Late Night Poetry (Part Three)

After writing two poems and having a hard day otherwise, I was ready to head right off to bed. However, words kept swirling around inside, and I couldn’t fall asleep because the emotions I was feeling were too alive at the moment. So this is what came next:

All I Want

Poem after poem,
line after line.
Couldn’t fall asleep,
even if I tried.

Wide awake now:
thoughts now buzzing,
dreams being allowed,
hopes now wishing.

Your face and eyes
and smile and love
are all I see,
are all I want.

Late Night Poetry (Sort of): Part Two

This isn’t the second poem I wrote that night I couldn’t sleep, but that one was a little messy and I didn’t particularly like it, so I’m going to edit it a little and then maybe post it. But enjoy this one instead. Couldn’t exactly stick a title to this poem though.

I’m not sure where my mind-set is;
somewhere between staying and gone,
not quite beyond thinking I was wrong,
between letting go or taking love,
somewhere between hope and giving up,
and I can’t take much more of this.

Late Night Poetry (Part One)

Usually I write my best poetry at night. As I’m about to fall asleep, I start thinking about the day’s events or things I wish could happen, and I automatically start organizing all these thoughts into a poem. Last night, I had this amazing spurt of poetry awesomeness…four poems in about one hour. Usually I’m lucky to get one poem per week, and usually, once I’ve written one poem, my inspiration and emotion is completely used up.
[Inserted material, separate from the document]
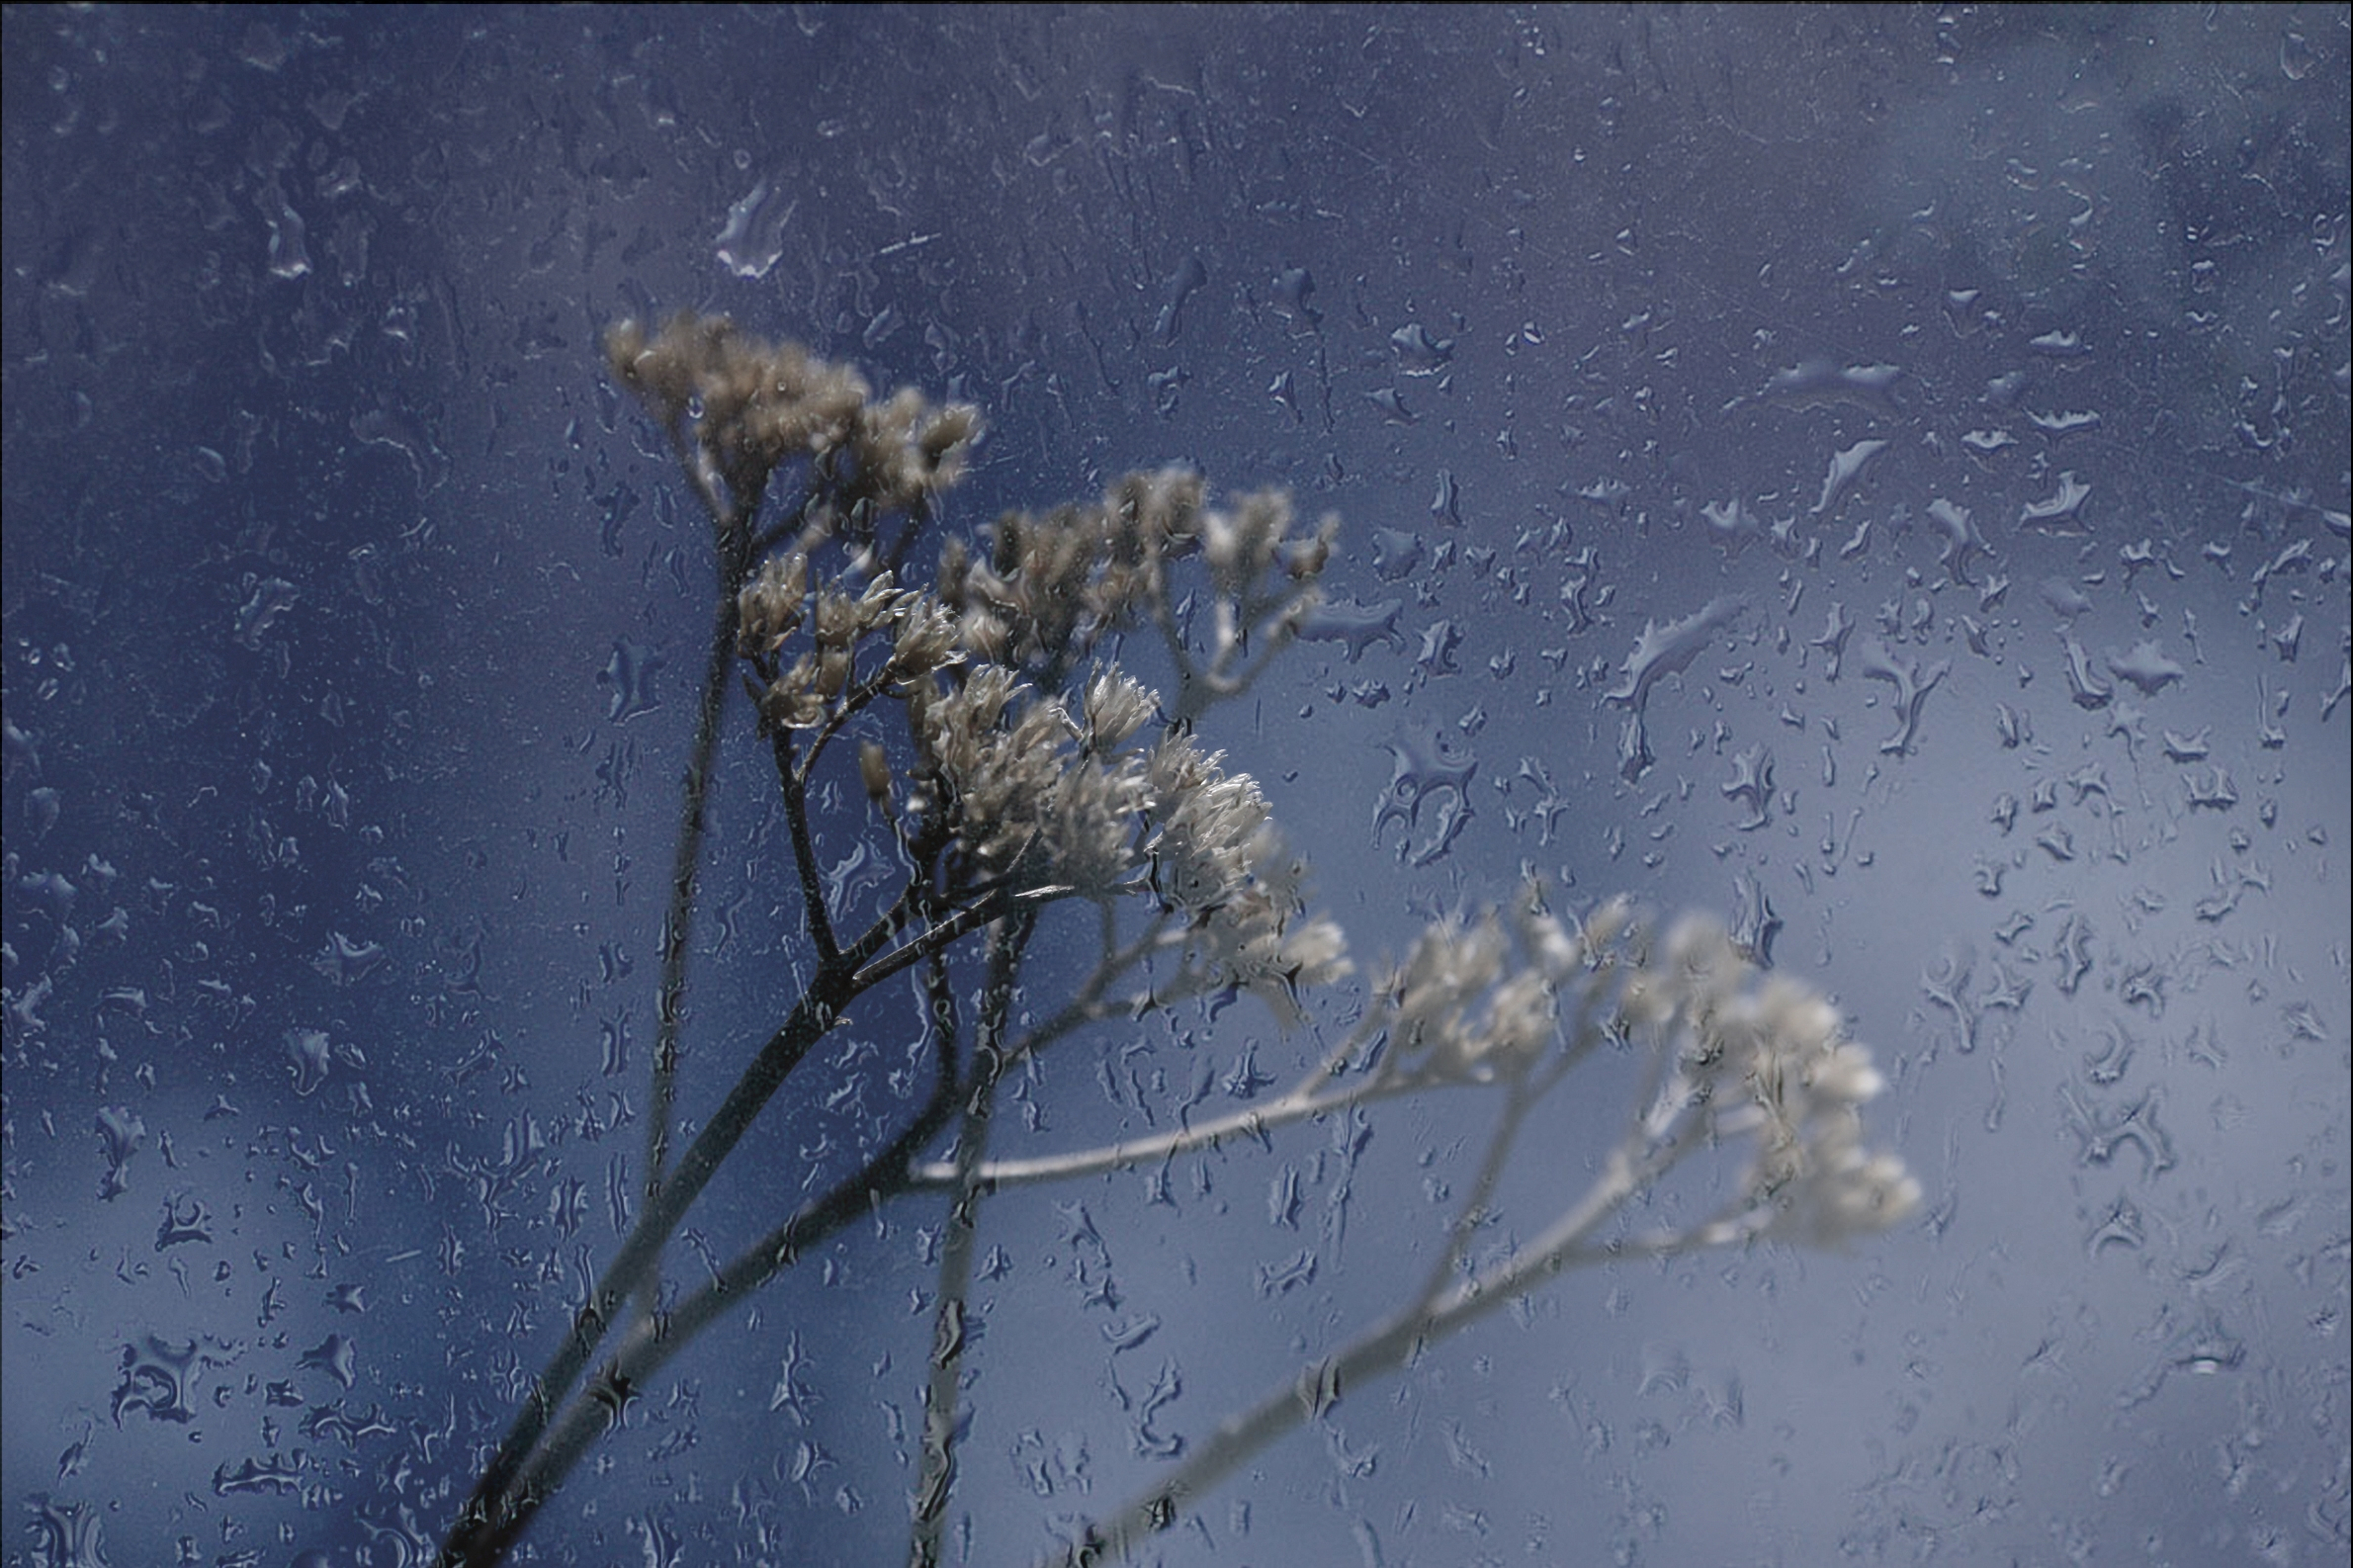 обои мокрое стекло, капли на стекле, растение за стеклом, макро картинки фото

However, last night was the exception, and I had a lot on my mind, plus I couldn’t sleep. So here, in chronological order, over the next few days I’ll share the four poems I wrote. Here’s the first one…it’s written as if you’re meeting an old crush from long (or not so long) ago, and you’re telling them about what you never could before.

It has A LOT of stanza’s, but, as I stated earlier, I had a lot on my mind. I suppose if I wanted to, I could split this into several poems…but it’s one entire experience that I want to keep together. I have purposefully used/not used question marks and other punctuation, based on how the flow sounds to me. I also make a reference to Tim McGraw’s song, “Just to See You Smile.” Feedback and criticism is not only welcome but encouraged!

Did You Know?

Did you know I liked you,
in every single way,
that you were my solemn prayer
nearly every day.

Did you know your eyes,
the brightest, purest hue,
could completely paralyze me,
just like the sight of you.

Did you know a single glance
sent my heart to space?
made it want another look,
made it beat off pace.

Did you know your laugh
made me giggle too?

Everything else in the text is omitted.